There were many bonus marchers on Fourth Street, they all seemed to be hurrying towards the Avenue, and when he turned West on a drive across the Mall he met a lot more walking rapidly and some running. He kept going but they came thicker and faster -- it was as if something was after them. Then he heard a poum and slowed down uncertainly and in a few seconds he felt a stinging in his eyes and nostrils. Tear gas. But he was already headed West and it was upwind anyhow so he held his nose and squinted his eyes and broke into a run. In a short distance the bonus marchers were all gone and he was face to face with an advancing and close-set line of police. They glared at him.
"For Chrissake," he panted. "I'm just a government clerk trying to get home."
A sergeant left the line and pointed his club at him. "Got identification?"
Peter reached for his billfold and held it open. Tears were running from his eyes and his throat stung, although the air was now clear. "Alright," said the sergeant. "But you get away from here. You have no business down here."
He kept walking rapidly down the drive. The Mall was almost deserted and he did not want to go over to Pennsylvania Avenue on account of the cavalry. When he finally reached Fourteenth Street he knew he was clear of the trouble --traffic was proceeding the same as on any afternoon. Over on the Avenue there was no cavalry, the large intersection had the usual traffic cop on duty and pedestrians were going about their business and a steady flow of taxis was rounding the corner and heading up Fourteenth. He looked down the Avenue and all he could see was a long line of blocked street cars. Then he noticed that the Post Office clock stood at six ten, and he had to go uptown to get his car, so he took one of the taxis.
"Did you see those troops?" asked the driver.
''Sure did said Peter.
"Hell's going to break loose in Anacostia. Some of those babies are tough. Claim they got guns hidden away. They used to be troops themselves. Can't blame 'em, either. They wasn't doing anything -- just asking for a bonus. Would be a good thing for the country if they got it. Fine son of a bitch we got there in the White House."
He got his car and drove down to the building where Ellen and Bee had an apartment together. When he knocked on the door Ellen opened it almost at once, she had on a well cut dress of some kind of white silky material with a blue belt and she looked even better to him now, when he was sober, than she did the other night.
"Want to get going soon's possible," he said as he walked in, "You'll want to get ready."
"I am ready.

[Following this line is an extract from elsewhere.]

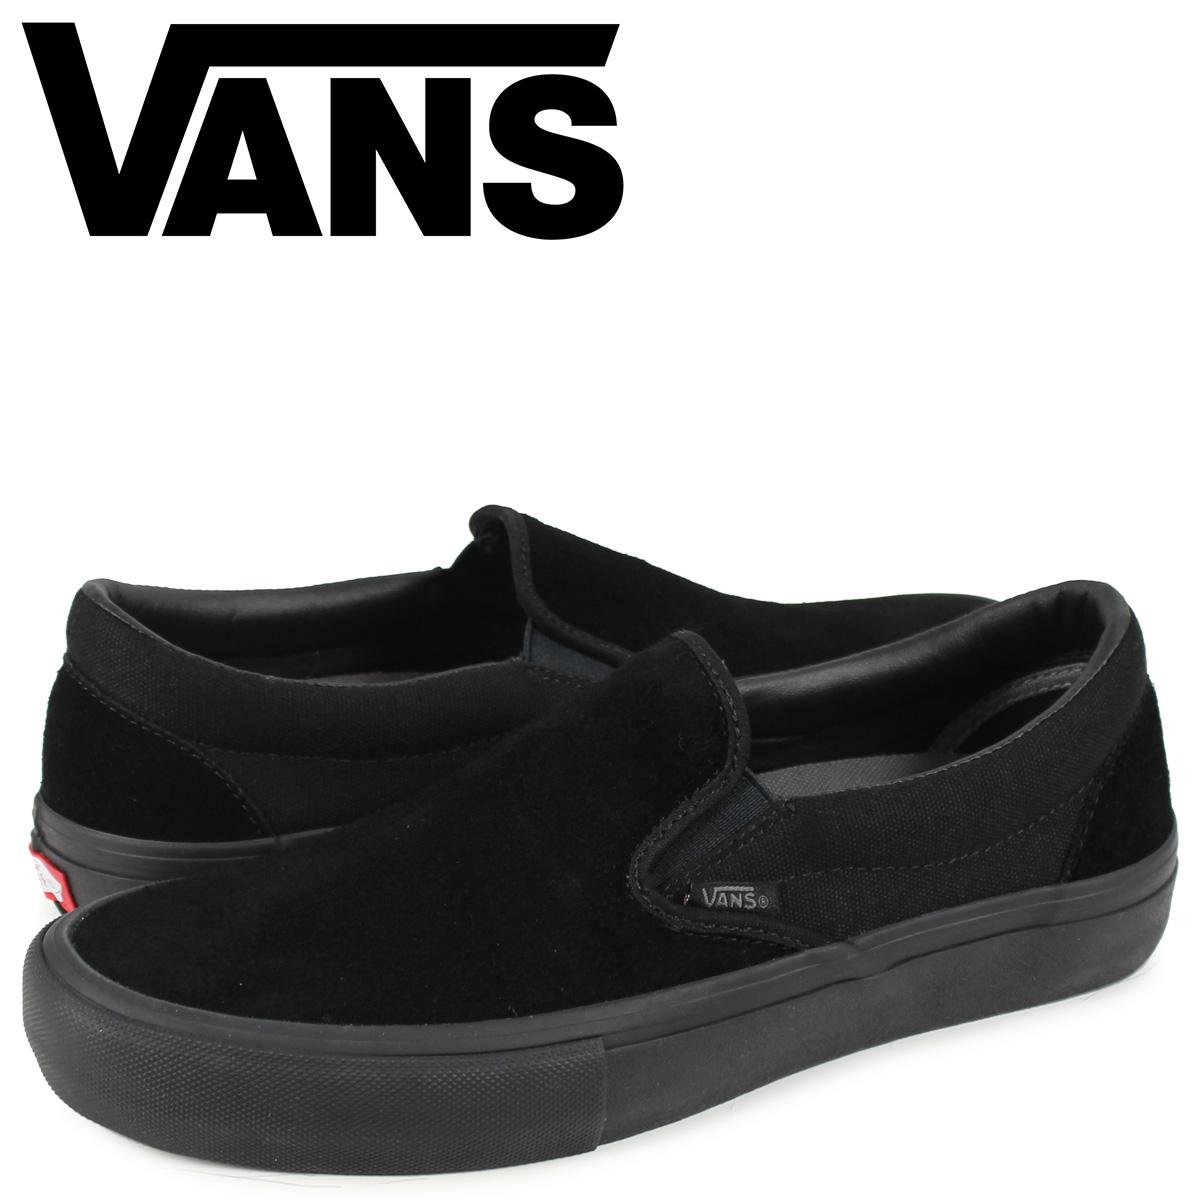 VANS ヴァンズ スリッポン スニーカー メンズ CLASSIC SLIP-ON ブラック 黒 VN00097M1OJ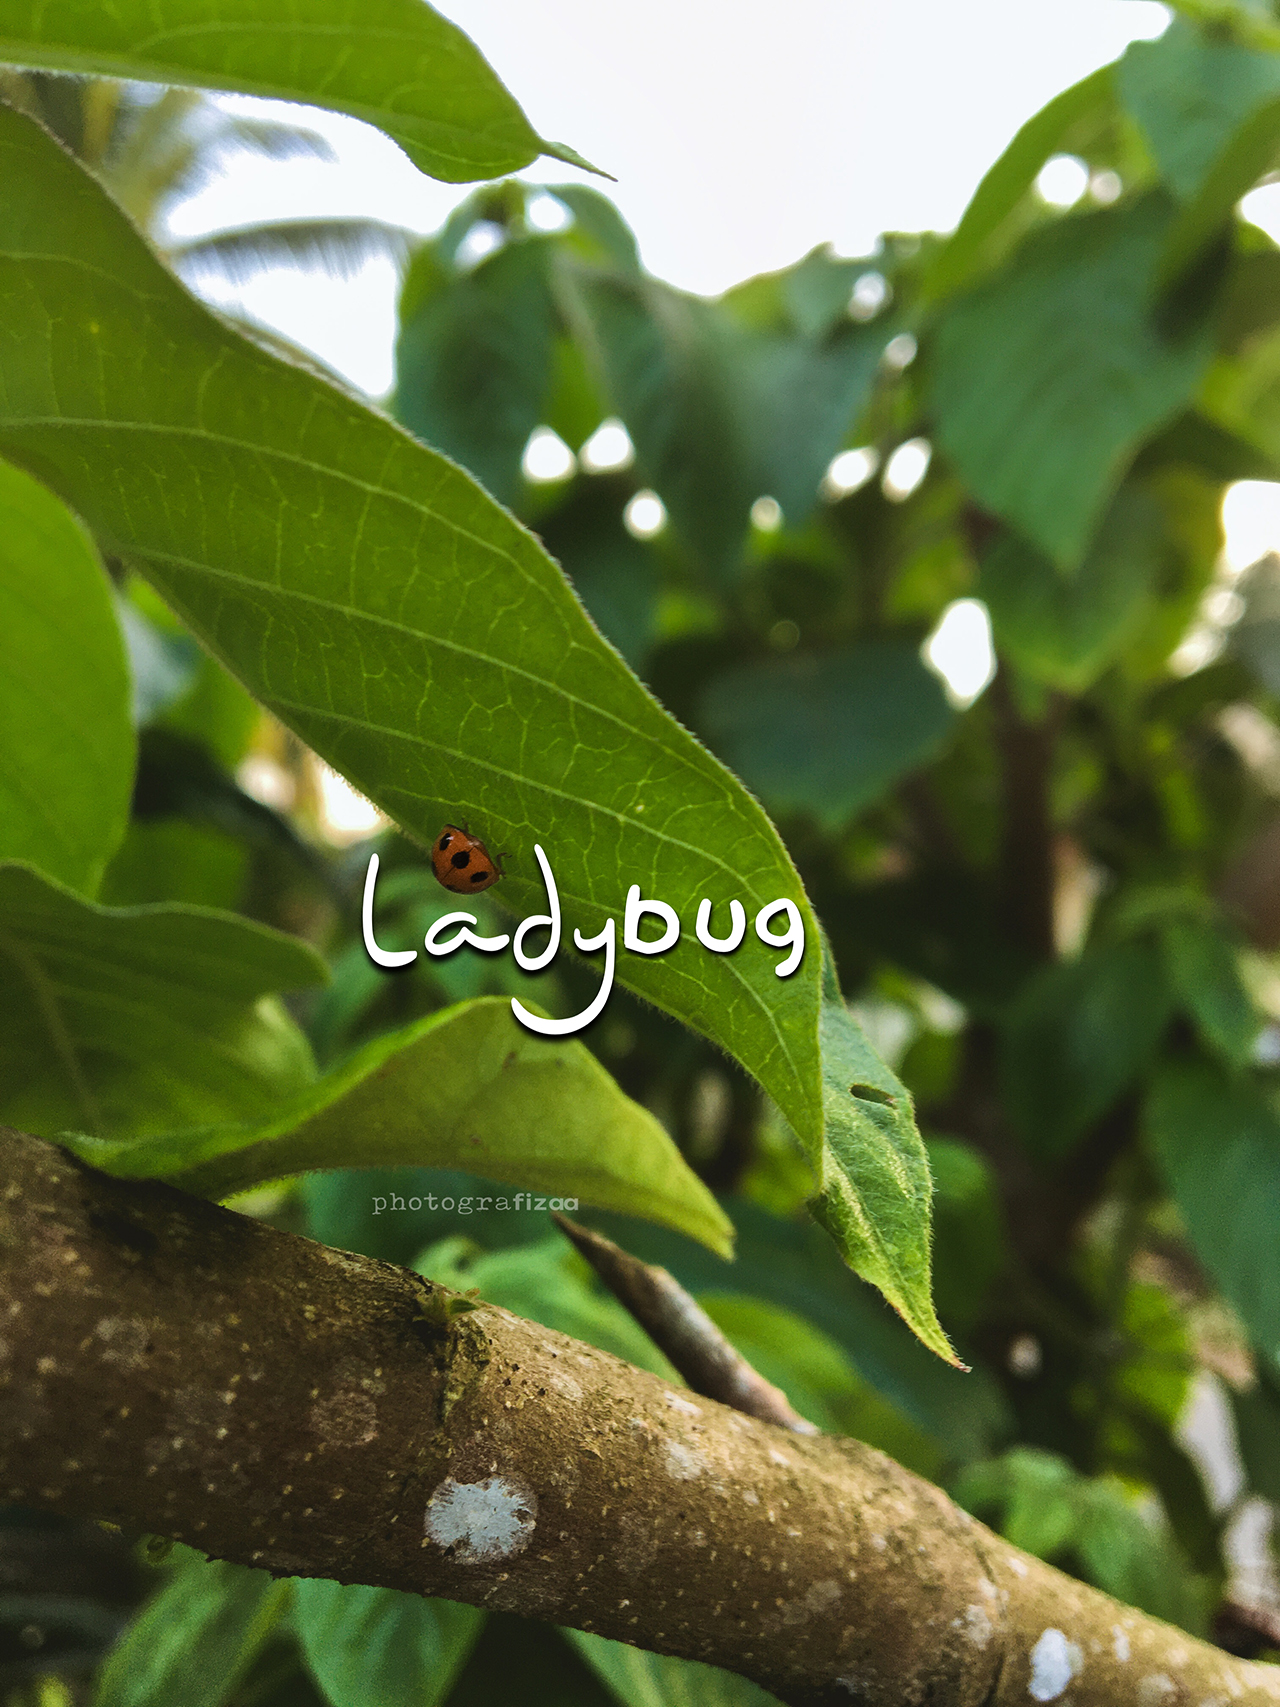 Ladybug atau ladybird

Don't I look all right?"
"You look swell. Let's go,"
They went out into the corridor and he rang for the elevator and said, "What kind of technique is this anyhow? You're not supposed to open the door right away like that, and you're not supposed to be all ready to go with a guy. You're supposed to let Bee open the door, and you should make the guy wait around for five minutes or so while you're messing with powder or something, just so's to impress him. Especially since this is our first date.
"Furthermore, you're not supposed to recognize the guy's voice the first time he calls you either."
"I notice you aren't bothering much with technique."
"Haven't got technique. I am no orator as Brutus is, but a plain blunt man.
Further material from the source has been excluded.